Mauricio Mina

Personal information
- Full name: Mauricio Mina Quintero
- Date of birth: 24 August 1982 (age 43)
- Place of birth: Caloto, Colombia
- Height: 1.82 m (6 ft 0 in)
- Position(s): Striker

Youth career
- Deportes Tolima

Senior career*
- Years: Team / Apps / (Gls)
- 2006: Depor
- 2006: Envigado / 5 / (0)
- 2007–2010: Depor
- 2011–2014: Deportivo Pasto / 130 / (32)
- 2015: Águilas Doradas / 14 / (2)
- 2015: Boyacá Chicó / 9 / (1)
- 2016: Orsomarso / 12 / (2)

International career^{‡}
- 2014: Equatorial Guinea / 1 / (1)

= Mauricio Mina =

Equatoguinean footballer (born 1982)

Mauricio Mina Quintero (born 24 August 1982) is a former professional footballer who last played as a striker for Orsomarso of the Categoría Primera B in Colombia.
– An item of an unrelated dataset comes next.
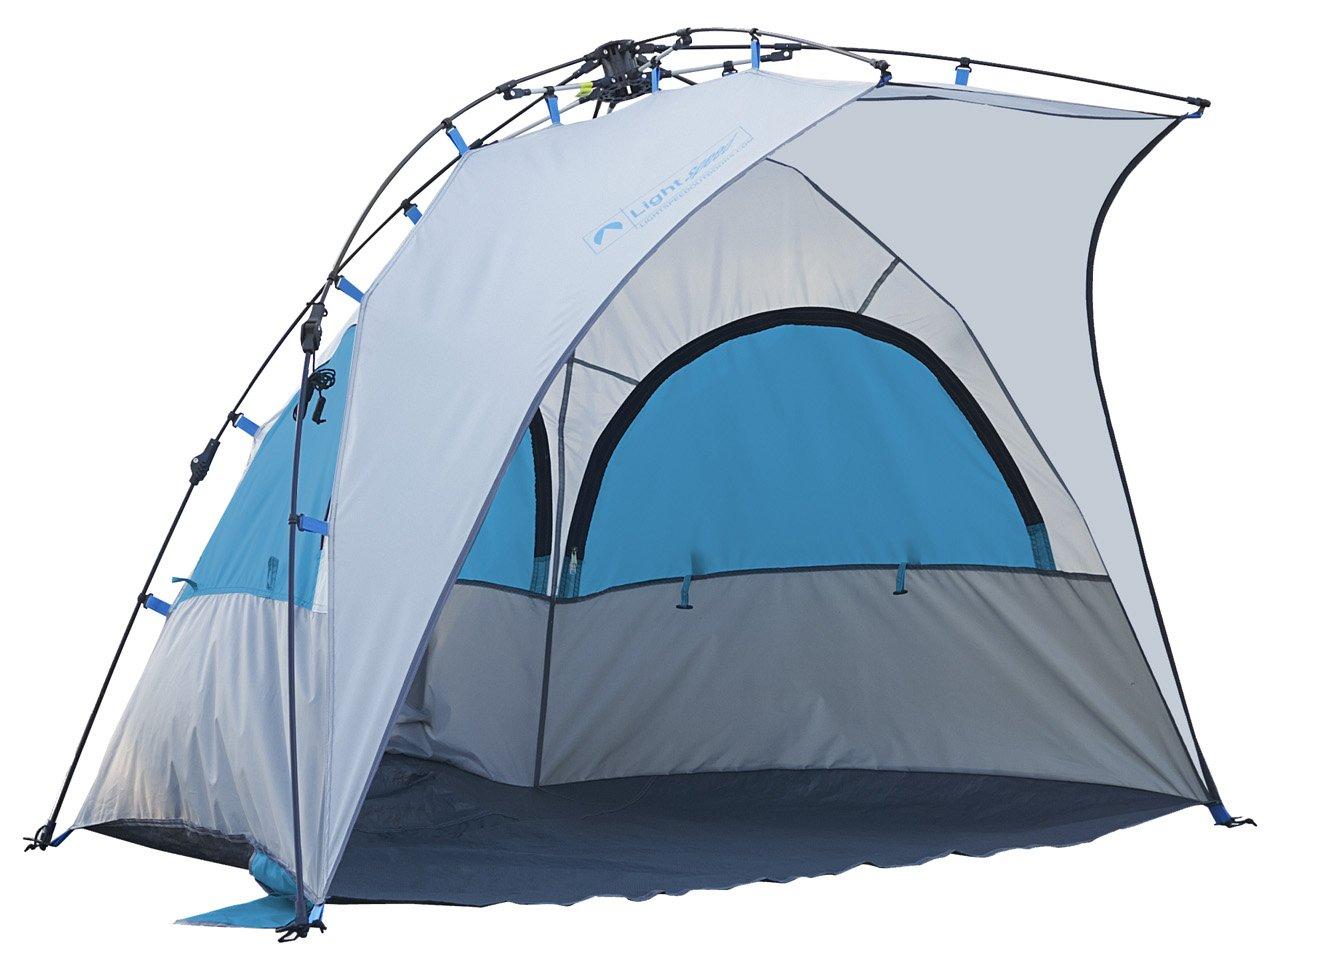 Best Pop Up Beach Tent : Top best pop up beach shelter tents for summer on

Born in Colombia, he played for the Equatorial Guinea national team.

==National team==
Mina was going to represent Equatorial Guinea for the first time in May–June 2014. Like other Colombian players participating in this national team, Mina is of Black African descent, but has no tangible links with the country. He was renamed as Mauricio Ondo Mosquera.

He has scored twice in an unofficial friendly against Equatoguinean club Deportivo Ebenezer on 14 May 2014. His international debut was against Mauritania on 1 June 2014, scoring the first of three goals, for the 2015 Africa Cup of Nations qualifiers.